Why did we choose this tool?
Nvidia digits simplifies deep learning tasks like designing and training neural networks and managing data. Monitoring the performance in real-time using advanced visualizations and selecting the best performance model for deployment are some of the best features that the Nvidia digits neural network delivers.
Price: There are three types of versions available:
- Standard: The deployment is on-premises and it is good for individual persons.
- Enterprise: The deployment can be done on-premises and it is good for enterprises.
- Cloud: The deployment can be done on the cloud and it is good for teams.
Ratings: 4.5 rating is given by the users on Slashdot.
How We Have Selected These Tools?
The most important thing for testing the neural network is accuracy. For a given pair of inputs, the output predicted is correct or not needs to be tested. Apart from that, whether the neural network model is learning through the different aspects of data also needs to be verified.
There are different parameters for choosing the neural network software. For example, the type of data, the complexity of the task, availability of labelled data, the quantity of training data, transferring techniques, and security layers. After carefully reviewing all these factors, the one that best fits your requirements must be chosen.

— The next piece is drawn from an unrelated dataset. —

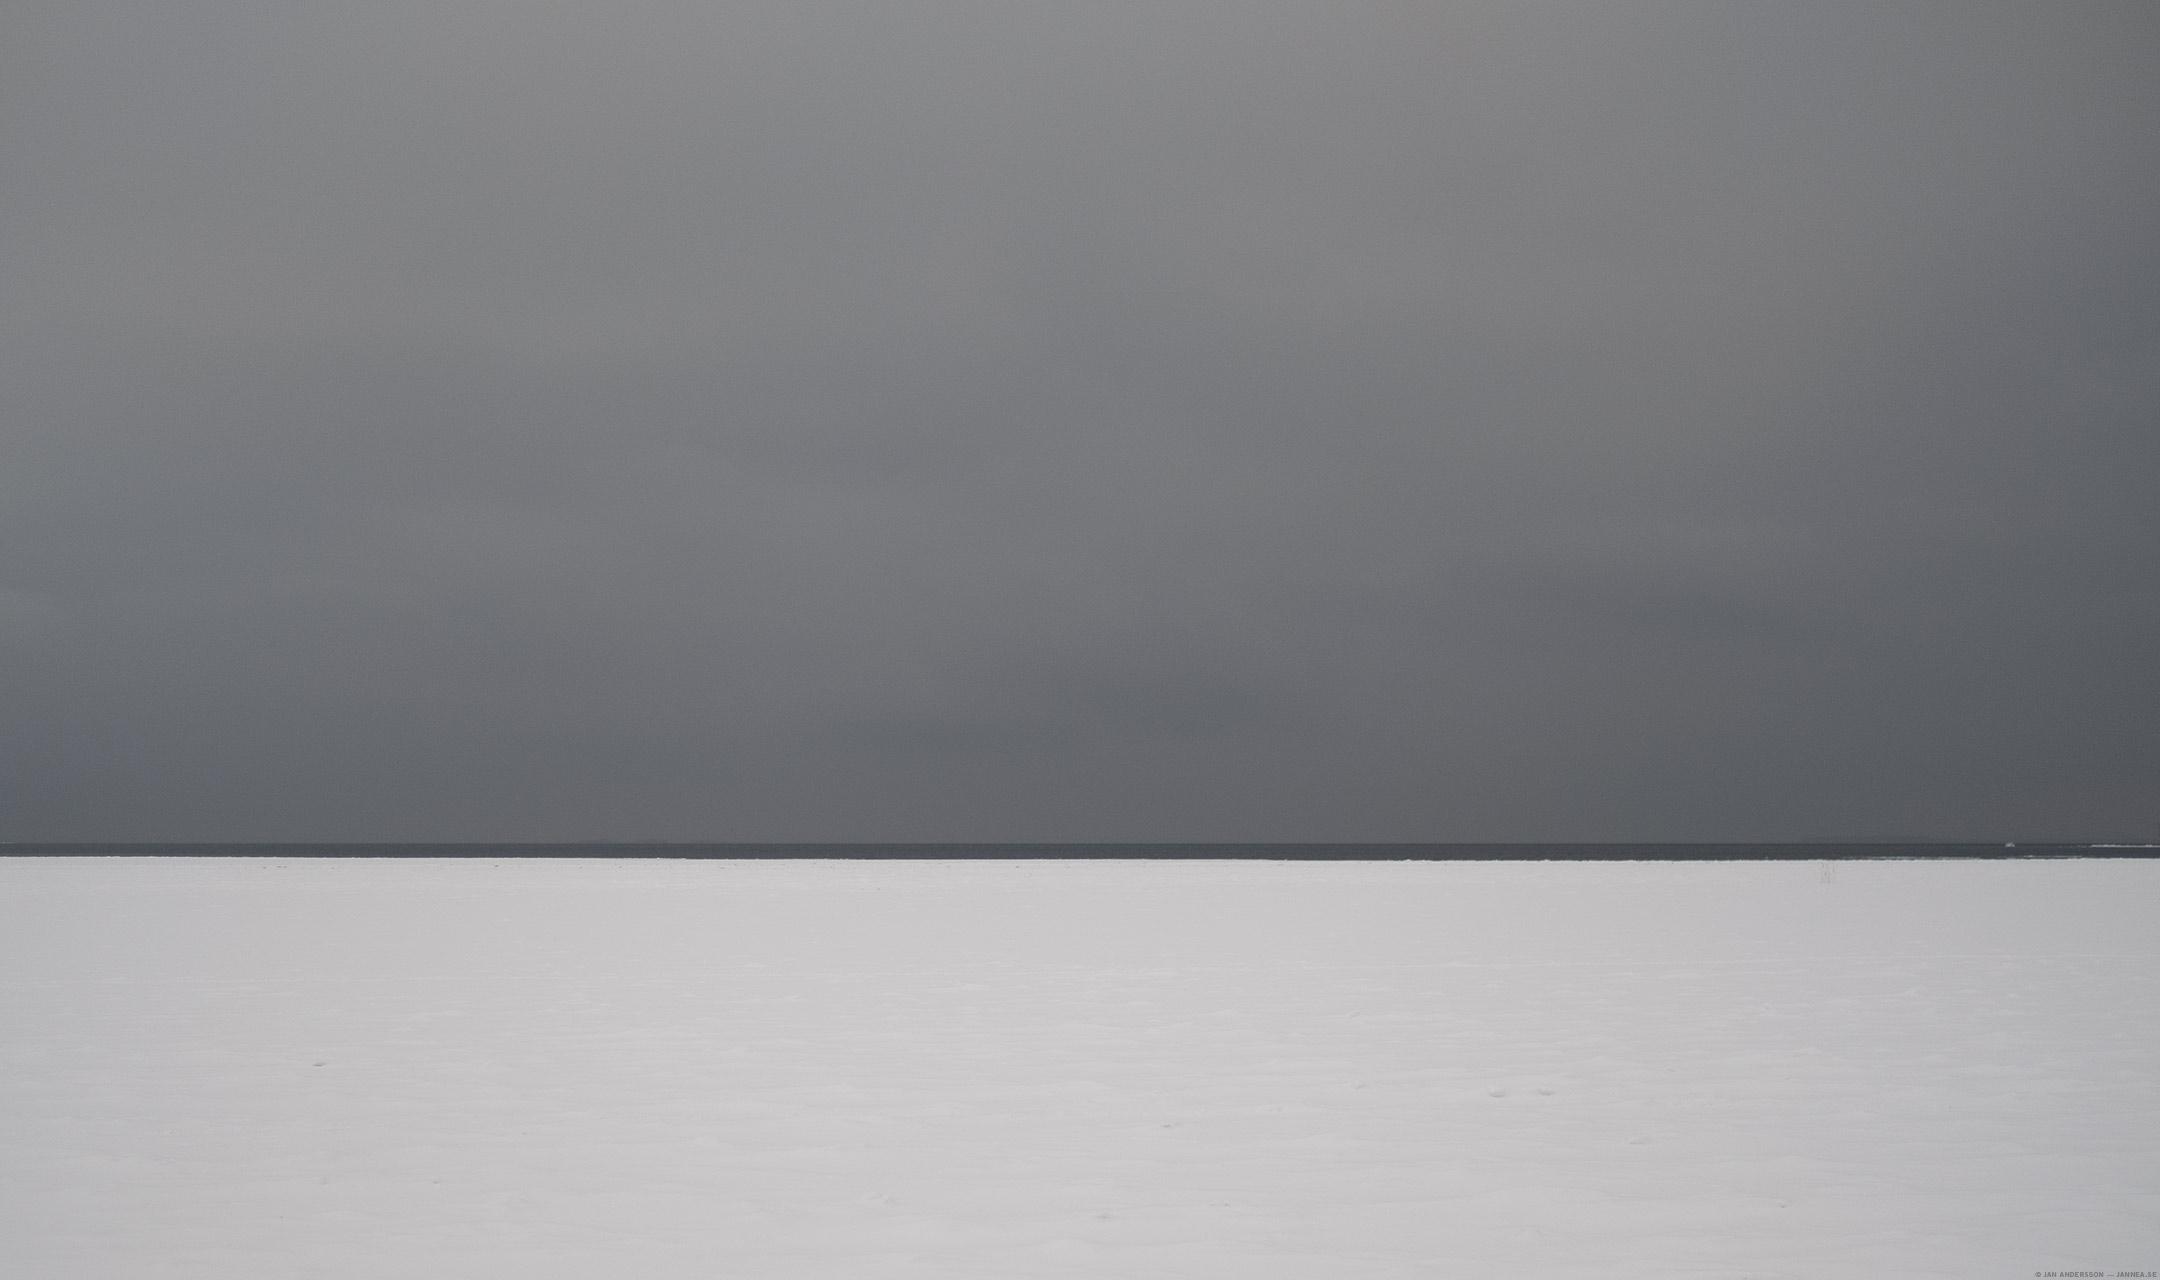 Utsikten från Vadstena – över en isig och snöig sjö |© Jan Andersson

Frequently Asked Questions
1. What is the biggest challenge in dealing with neural networks?
Large amounts of data and computational resources are one of the biggest challenges with neural networks. Through the data itself, the neural networks learn and adjust their parameters.
Most of the problems with the neural network models are whether the model is overfitted, underfitted, the type of algorithm, algorithm evaluation criteria, and learning complexity.
2. What is the major benefit of neural networks?
As the neural network is working on deep learning technology. It can do unsupervised learning. From the unseen data also, nonlinear and complex relationships can be understood by the models. The unorganized data can be processed, segregated, and categorized with the help of neural networks.
With the help of adaptive structure, the cognitive abilities of a machine can be developed as well as complex applications can also perform well.
3. What are the applications of Nvidia digits?
For developing integrated circuits used in personal computers and electronic game consoles, the Nvidia digits are used. For manufacturing high-end graphics processing units, it is one of the best manufacturers.
4. What is the major difference between Tensorflow and Caffe?
The interference of Caffe is of C++. Users need to perform the tasks manually such as configuration file creation. While on the other hand, TensorFlow is easy to deploy as users need to install python-pip manager.
5. What is the use of PyTorch in deep learning?
Based on the Torch library and Python programming language, PyTorch is an open-source machine learning framework. Written in Lua scripting language, for creating deep neural networks it is an open-source machine learning library. For deep learning research, it is one of the most preferred platforms.
Conclusion
Neural networks work with the same functionality as our brain does. It takes the input, processes the information, and delivers the output. Leveraging tools and applications, the neural networks can be trained to get accurate, reliable, and modifiable results.
In the fields of medicine, defense, agriculture, banking, finance, and security neural networks play a wide role.
Among all the neural network software shared, Neural Designer is the best one as it can analyze large sets of data. Apart from this, by leveraging high-performance computing techniques, the usage of memory can be optimized as well as GPU acceleration can also be done.